These and other objects, features and advantages of the present invention
will be more fully disclosed in, or rendered obvious by, the following
detailed description of the preferred embodiment of the invention, which
is to be considered together with the accompanying drawings wherein like
numbers refer to like parts and further wherein:
FIG. 1 is a side elevational view of the braiding machine of the present
invention showing the relative position and orientation of the strand
supply bobbins and strands relative to the braid point of the machine;
FIG. 2 is a sectional view of a rotating assembly formed in accordance with
the present invention;
FIG. 3 is a sectional view of an inner bobbin-carrier assembly formed in
accordance with the present invention;
FIG. 4 is a broken-away front elevational view, partially in phantom,
showing a portion of the inner bobbin-carrier assembly.
FIG. 5 is a broken-away side view, partially in section, of an outer
bobbin-carrier assembly formed in accordance with the present invention;
FIG. 6 is a side view of the rotary braider, similar to FIG. 1, showing the
position of the inner and outer bobbin-carrier assemblies during a portion
of the machine's rotation cycle; and
FIG. 7 is a side view of the rotary braider, similar to FIG. 6, showing the
position of the inner and outer bobbin-carrier assemblies during a
subsequent portion of the machine's rotation cycle.
DETAILED DESCRIPTION OF THE PREFERRED EMBODIMENT
Referring to FIG. 1, a rotary braiding machine 20 comprises a frame 30
having a central axis 35 about which a plurality of strand supply bobbins
are rotated so as to form a reinforcing braid of those strands about some
work piece, such as a hydraulic hose.
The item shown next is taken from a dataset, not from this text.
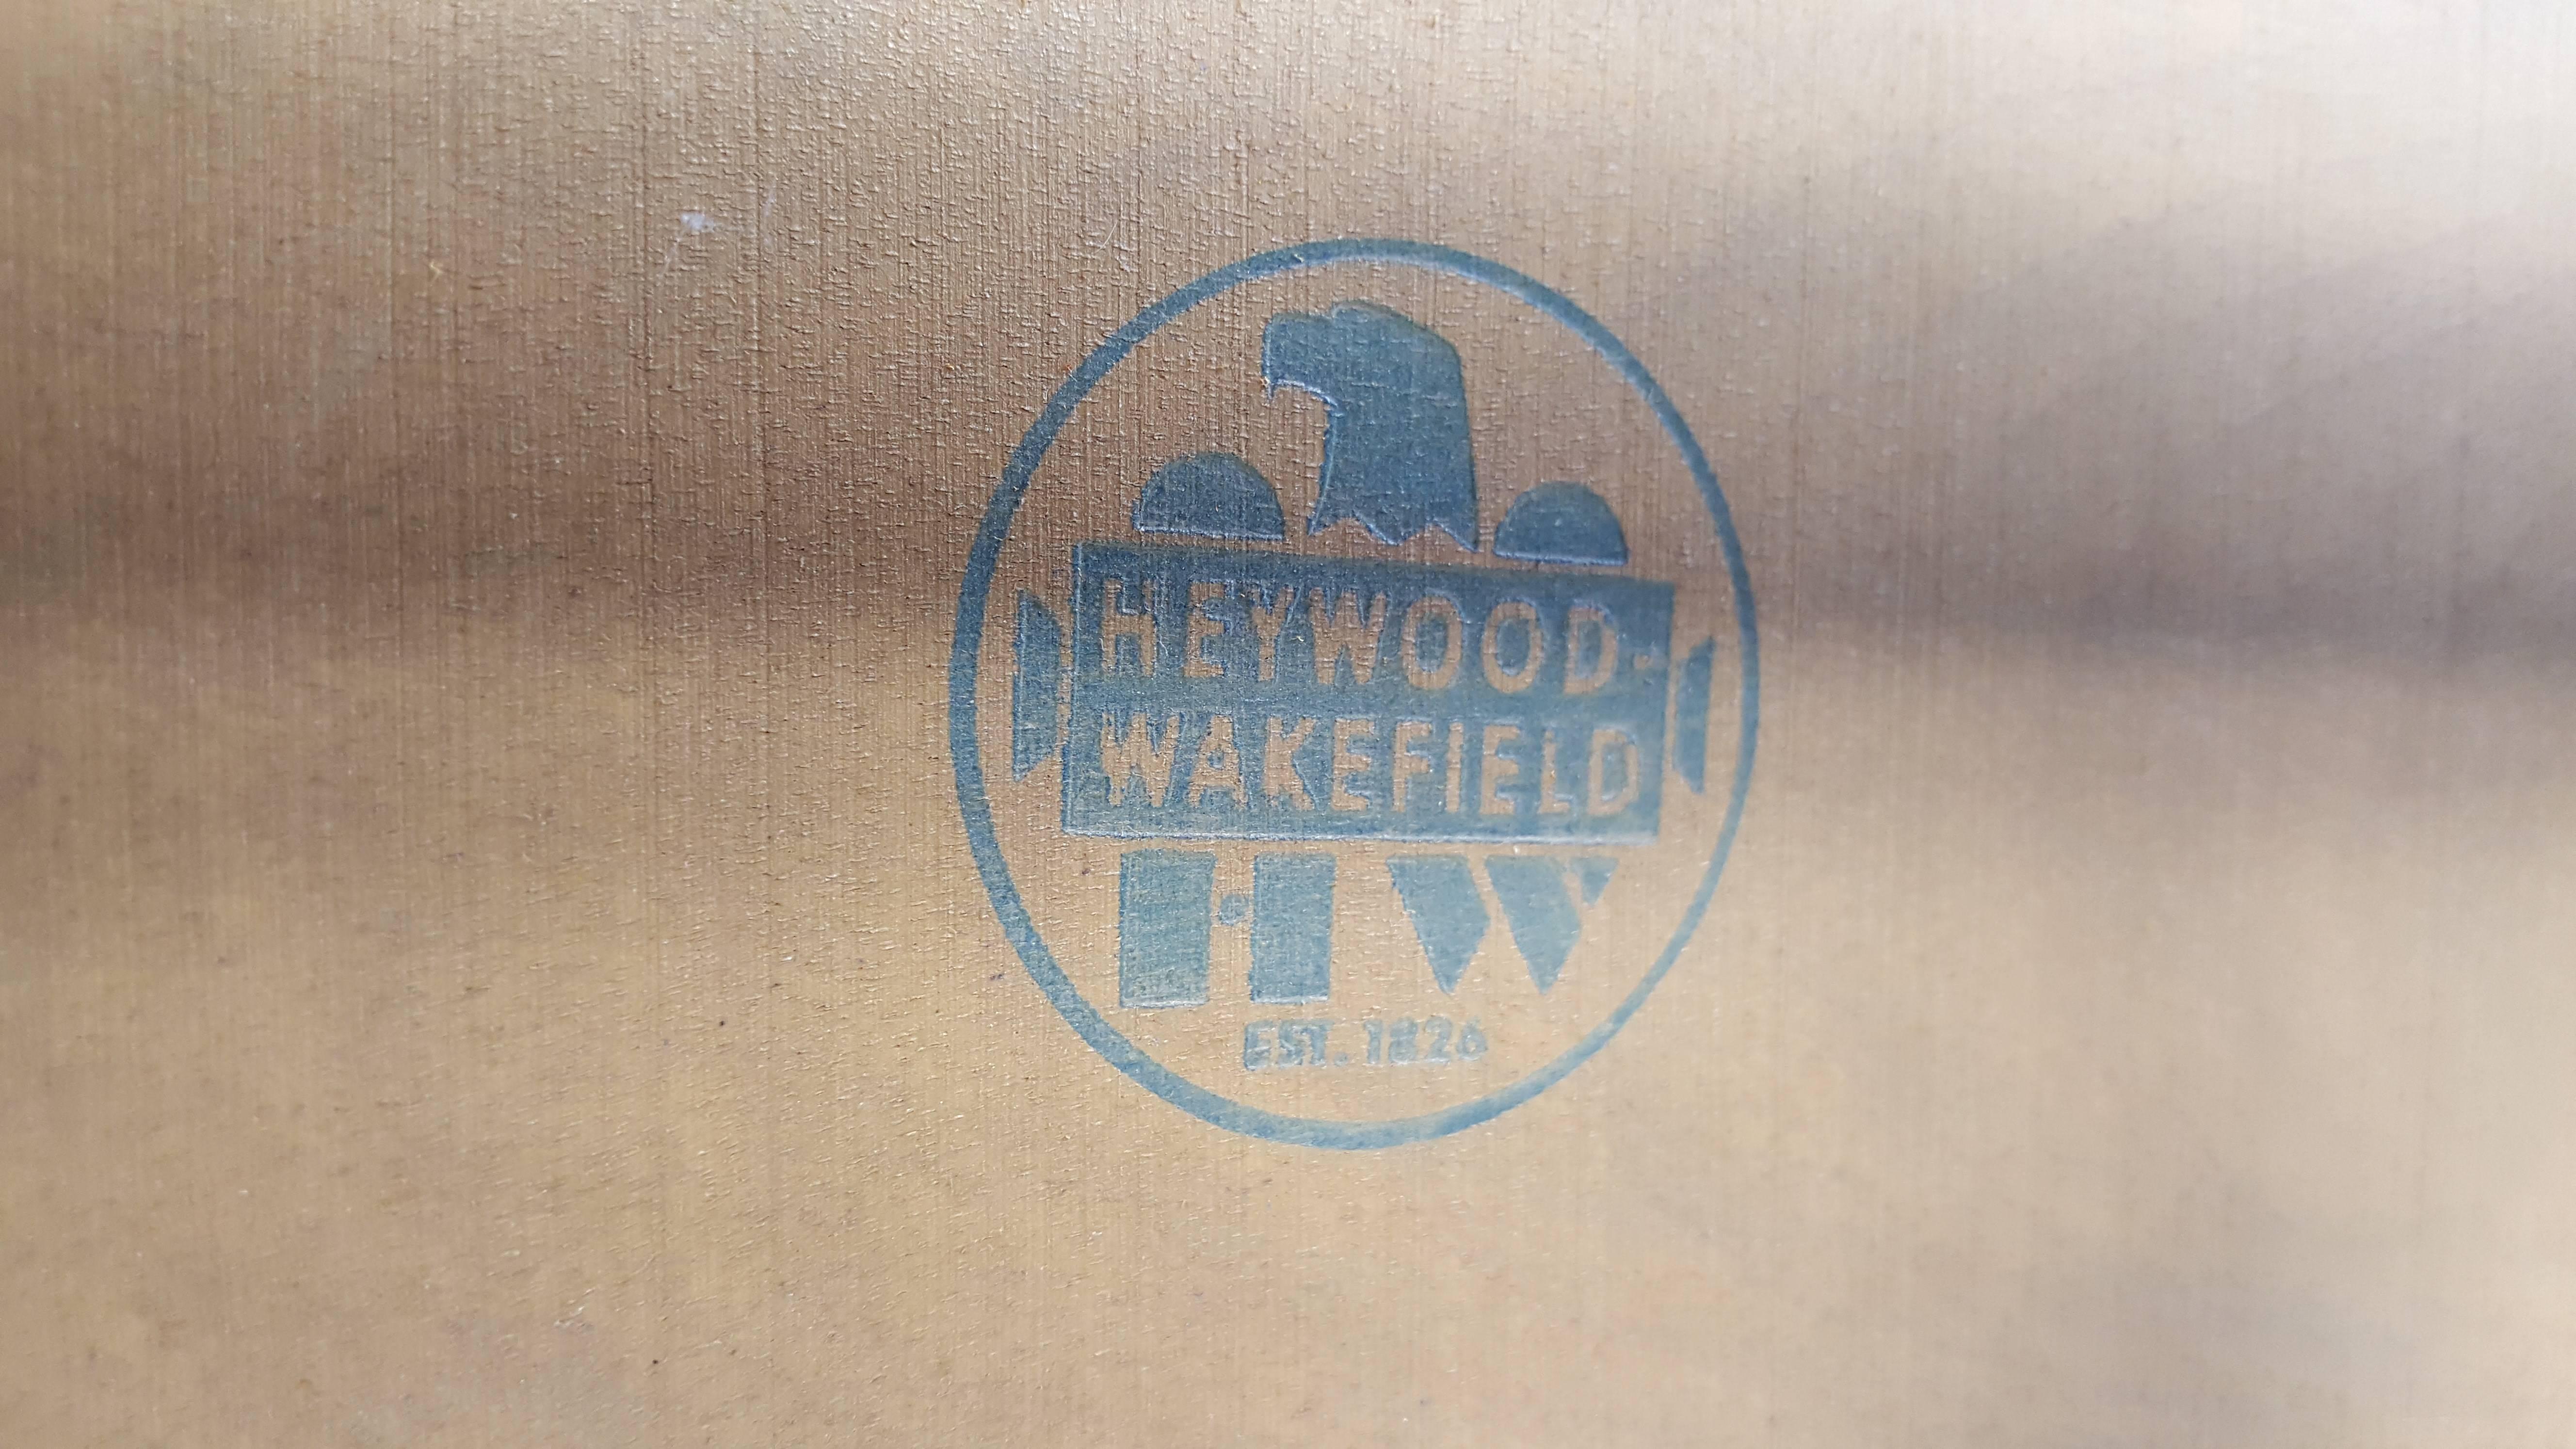 Pair of Streamline Modern Lounge Chairs Heywood-Wakefield 1

In this respect, rotary braiding
machine 20 is similar to those machines disclosed in U.S. Pat. Nos.
4,034,642; 4,034,643; 4,372,191; and 4,765,220, all issued to Iannucci et
al., the disclosures of which patents are hereby incorporated by
reference. It will be noted that in each of the foregoing patents,
Iannucci et al. disclose rotary braiding machines and components thereof
in which the strand supply bobbins are arranged so that each strand forms
an angle, relative to a machine central axis, that is substantially less
than 90 degrees. While providing adequate braids, these machine designs
often require strand tensions to be relatively high. Rotary braiding
machine 20 advantageously positions the strand supply bobbins so that each
strand is positioned either substantially perpendicular to the point at
which the braid is formed or, is manipulated so as to pass through a
position that is substantially perpendicular to this so-called braid
point, indicated generally at 40 in FIGS. 1, 6 and 7. Braid point 40 is
defined between interior hose-guide bushing 43 and exterior hose-guide
bushing 46. Unexpectedly, rotary braiding machine 20 has been found to
require substantially less strand tension than has been needed in prior
art machines.
Rotary braiding machine 20 comprises a drive assembly 50, a rotating
assembly 100, a plurality of inner bobbin-carrier assemblies 200, and a
plurality of outer bobbin-carrier assemblies 300 all operatively mounted
upon frame 30.
More particularly, drive assembly 50 comprises drive motor 55, a drive
shaft 60 and a speed control transmission 65. Drive motor 55 may comprise
any of the standard industrial motors of the type that are well known in
the art. Drive motor 55 is adapted to engage and rotate drive shaft 60 so
as to provide a motive force to rotary braiding machine 20. Speed control
transmission 65 engages drive shaft 60 so as to provide motive force to a
portion of rotating assembly 100, as will hereinafter be disclosed in
further detail. Speed control transmission 65 is of the type that is well
known for controlling the speed of industrial machinery. For example,
speed control transmission 65 may comprise a speed reduction belt and gear
system or a geared transmission or the like. It will be understood that
drive motor 55 and speed control transmission 65 may be combined into a
single unit that is adapted to drive rotary braiding machine 20 without
departing from the scope of the present invention.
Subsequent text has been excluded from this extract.